:: DATA EXCERPT

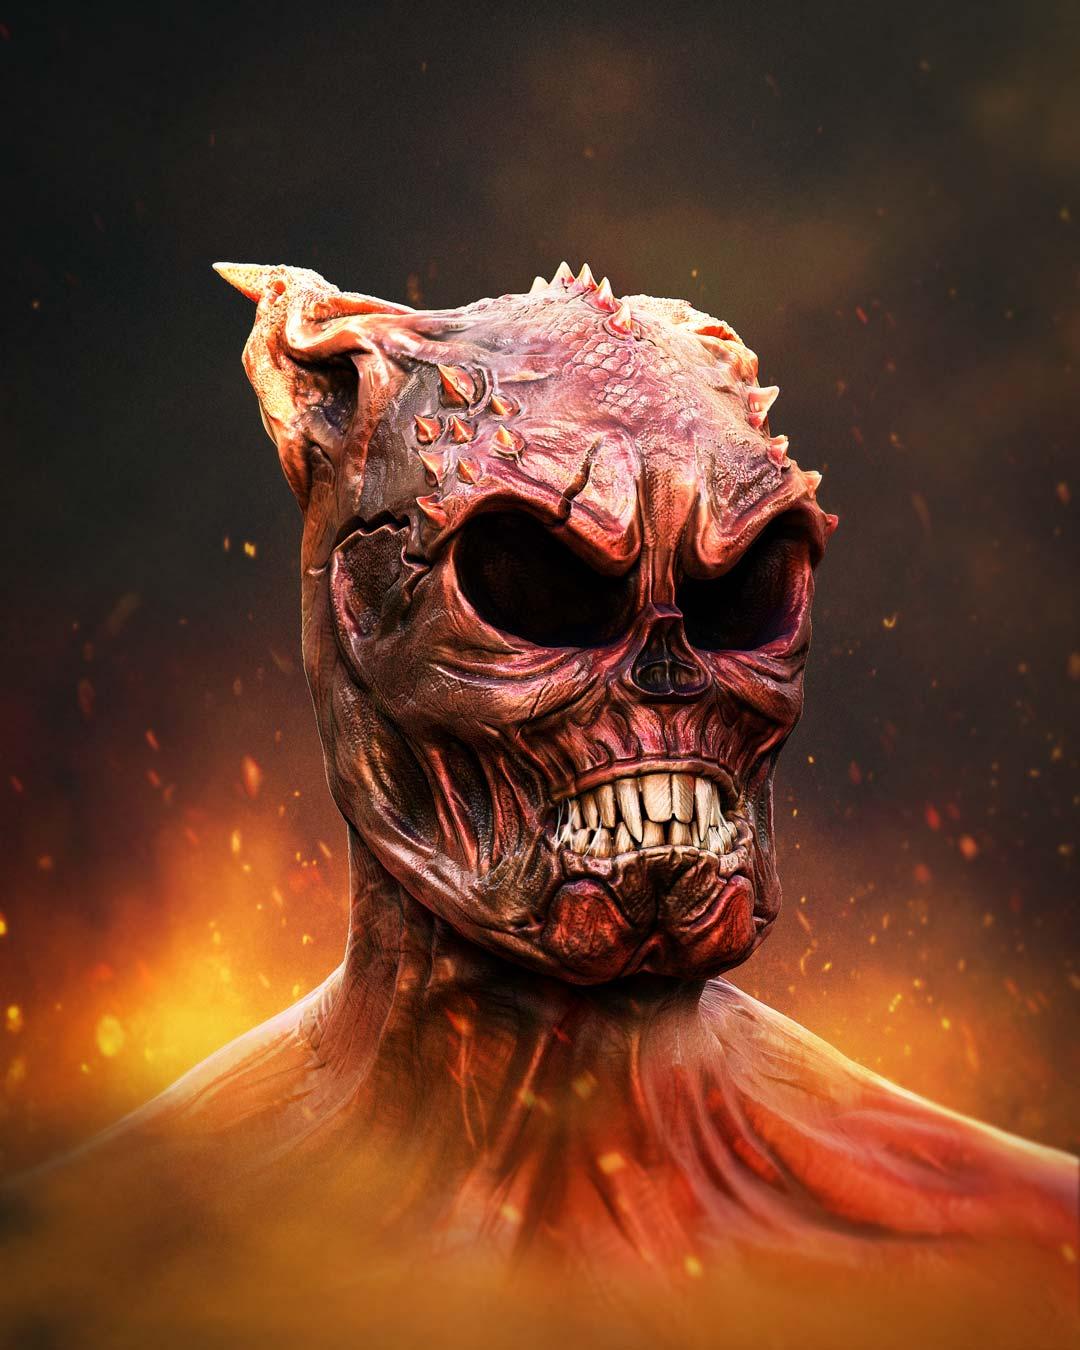 The Devil by Adam Ingle
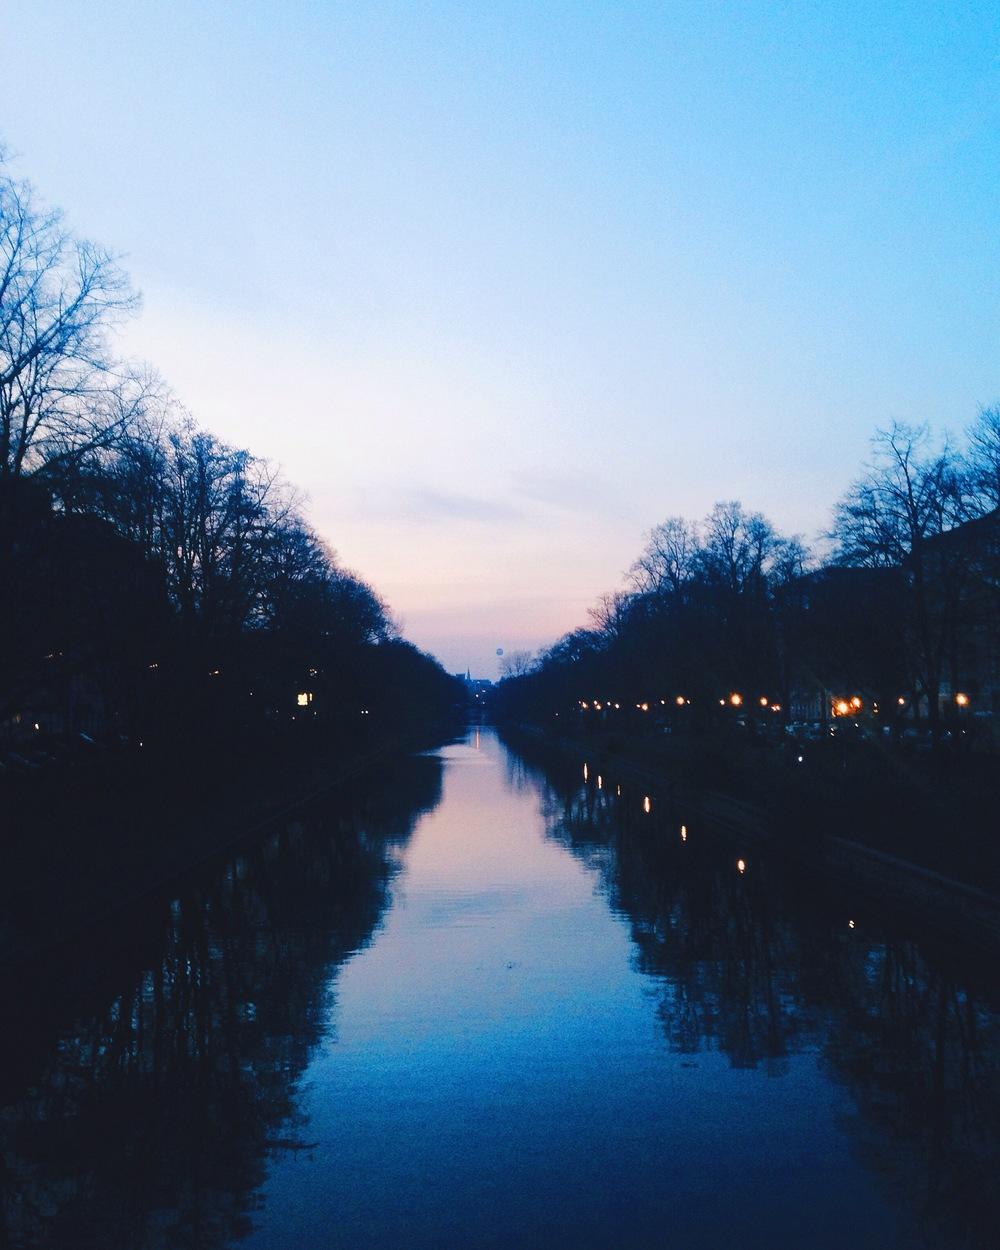 The canals of Kreuzberg
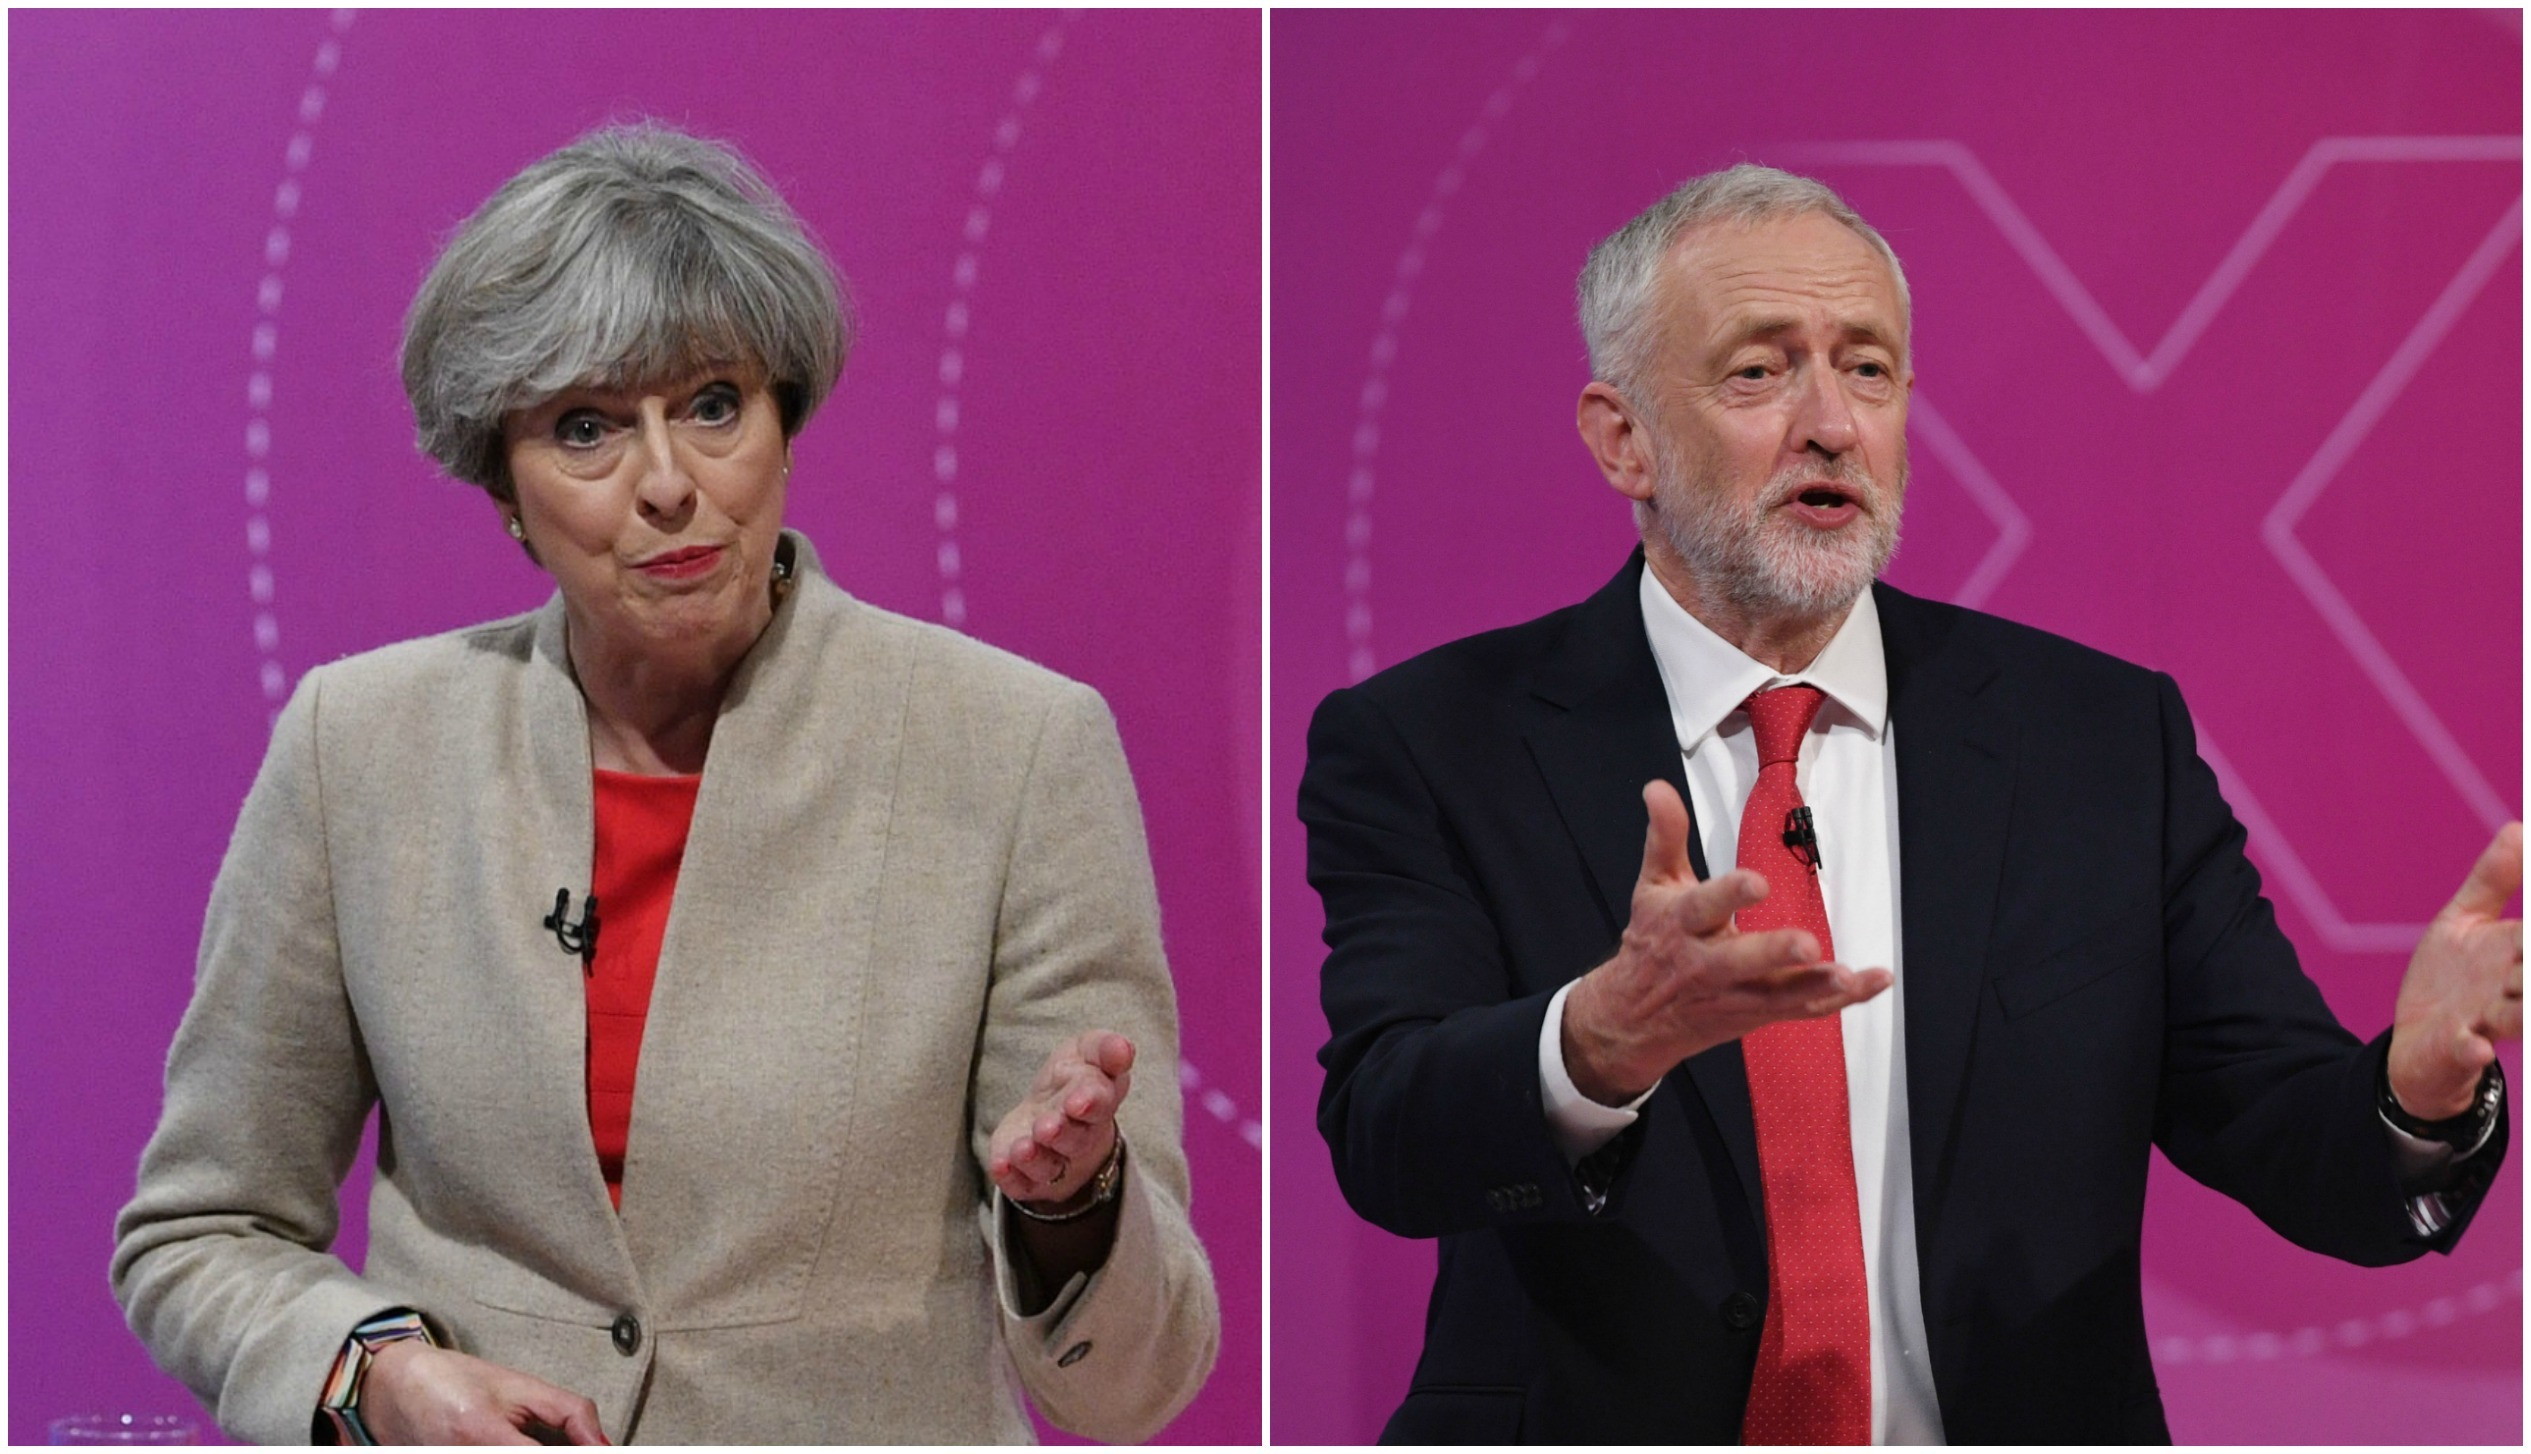 May and Corbyn at an election TV debate

::::

YOUR INSTRUCTIONS: Set down word for word each line from the one containing "The canals of Kreuzberg" through the end of the material, and keep the pictures out of it.

TASK SOLUTION:
 The canals of Kreuzberg
 May and Corbyn at an election TV debate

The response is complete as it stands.